Published September 02, 2011, 05:59 AM

More kids? Let’s hold applause

A recent report from the state Data Center in Fargo revealed a boomlet in the number of preschoolers in North Dakota’s oil patch. The numbers were surprising and encouraging in light of the west river country’s decades of depopulation. But the test will be whether the snapshot is the start of a trend, and whether a trend will evolve into sustained population growth, or at least stability. Given the region’s history, it might be wise to hold the applause.

By: The Forum of Fargo-Moorhead, The Jamestown Sun

A recent report from the state Data Center in Fargo revealed a boomlet in the number of preschoolers in North Dakota’s oil patch. The numbers were surprising and encouraging in light of the west river country’s decades of depopulation. But the test will be whether the snapshot is the start of a trend, and whether a trend will evolve into sustained population growth, or at least stability. Given the region’s history, it might be wise to hold the applause.

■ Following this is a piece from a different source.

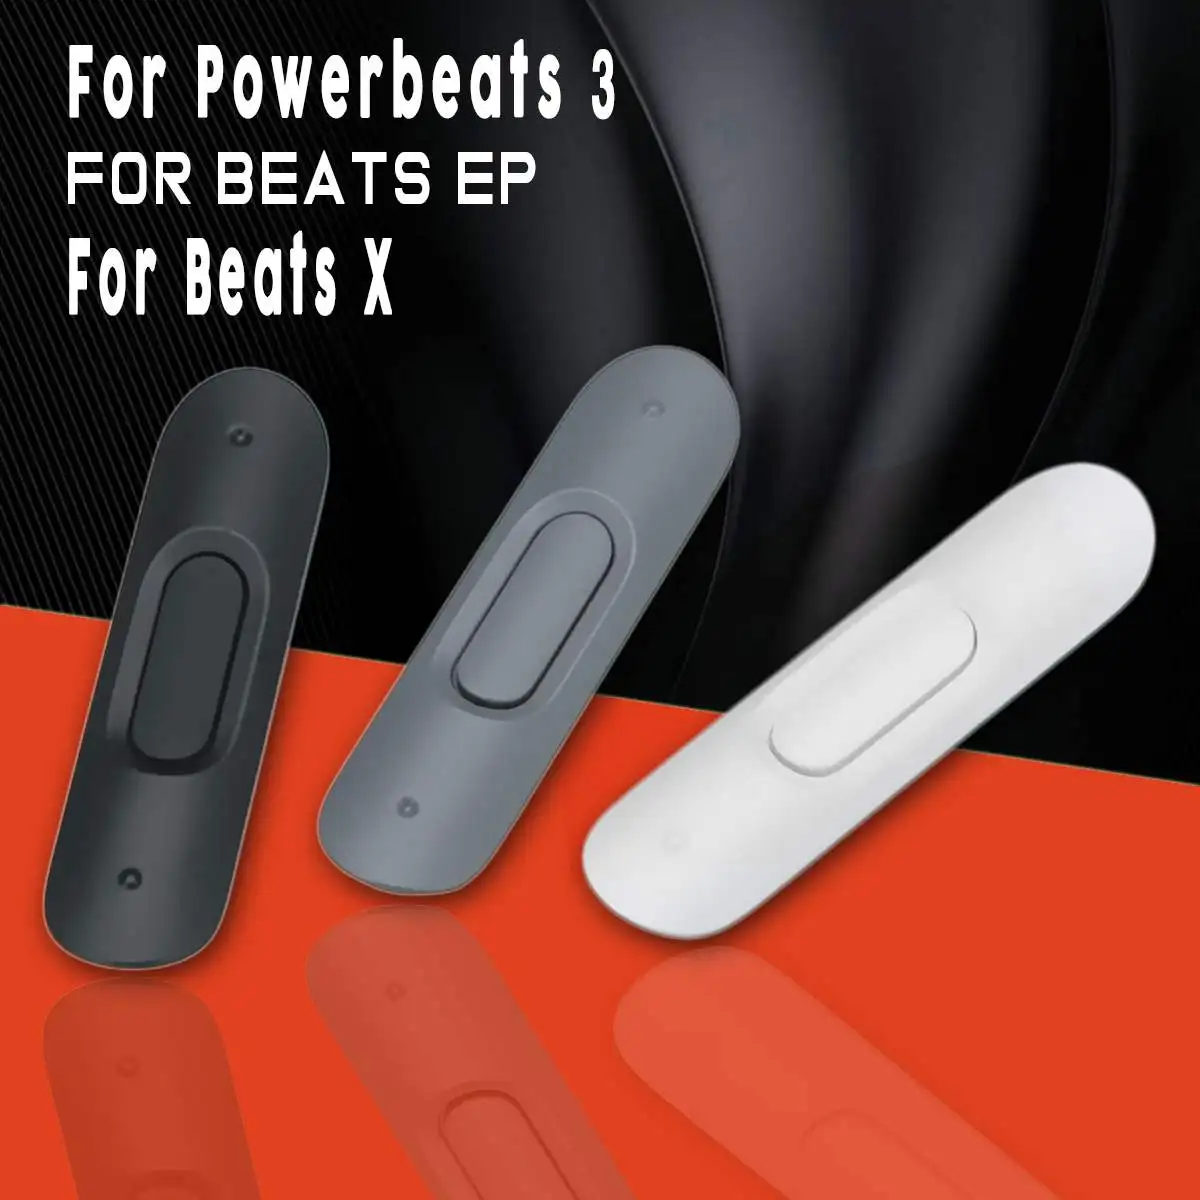 beats x or powerbeats

According to Census figures, oil counties saw a 20 percent or more jump in the number of preschoolers in the past 10 years, a clear indication that young families have either stayed in or moved into the region. Eight counties and the patch’s largest city, Williston, counted strong increases in the number of children under 5 years old. The numbers are very good for cities and counties that have been bleeding young families for years.

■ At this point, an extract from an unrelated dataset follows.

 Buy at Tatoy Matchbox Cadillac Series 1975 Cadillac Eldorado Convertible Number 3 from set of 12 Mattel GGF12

The population change will affect the way public officials plan for schools, housing and public facilities. It can affect private investments in amenities geared toward young families. More kids and young families will demand good schools. They will not settle for the substandard, high-priced housing that plagues oil patch communities today.

And there’s the dilemma.

Consider that the other two places in the state that saw 20 percent or more jumps in the populations of children under 5 were Bismarck/Burleigh County and Fargo/Cass County. While it can be argued that oil patch activity had a slight effect in Bismarck, the capital city’s growth has not been dependent on the oil and natural gas boom. Fargo and Cass County have been growing steadily without an oil development factor. Both cities have job bases and economic engines that are diversified and vigorous. They do not rely on one economic driver. They have developed strategies for business flexibility and management agility that sustain an economy in good and not-so-good times. That is not a description of an energy boom, no matter how bright and hopeful the promise.

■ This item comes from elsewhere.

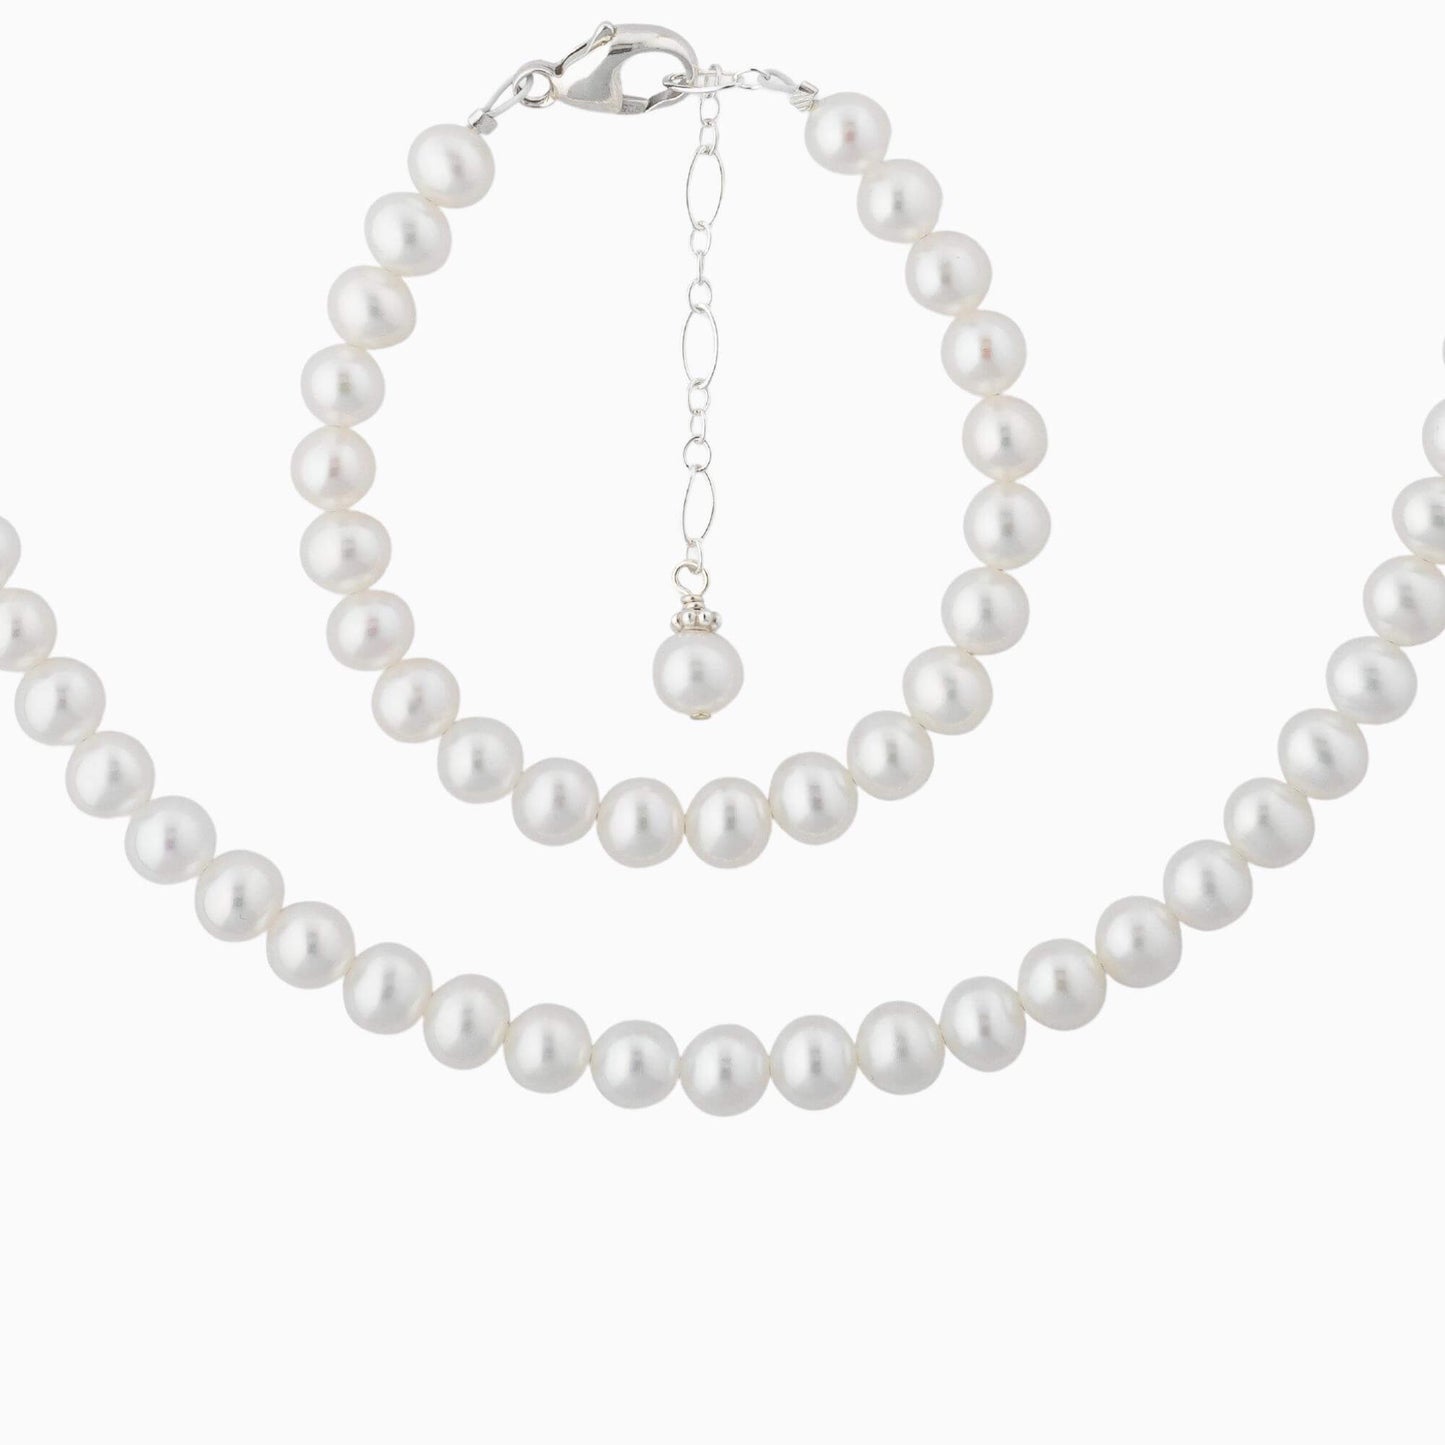 Sweet Pearl Jewelry Set in Silver

Therefore, investors and developers are cautious. They know that should the oil boom fade (a global decline in the price of crude?), most of the young families who followed the boom north will disappear like early season frost in the sunrise.

As North Dakotans have seen too many times, a one-horse economy — oil or agriculture — will stall when the horse sickens or dies. The preschooler numbers from the west are heartening, but to assume they are a permanent phenomenon would be foolhardy.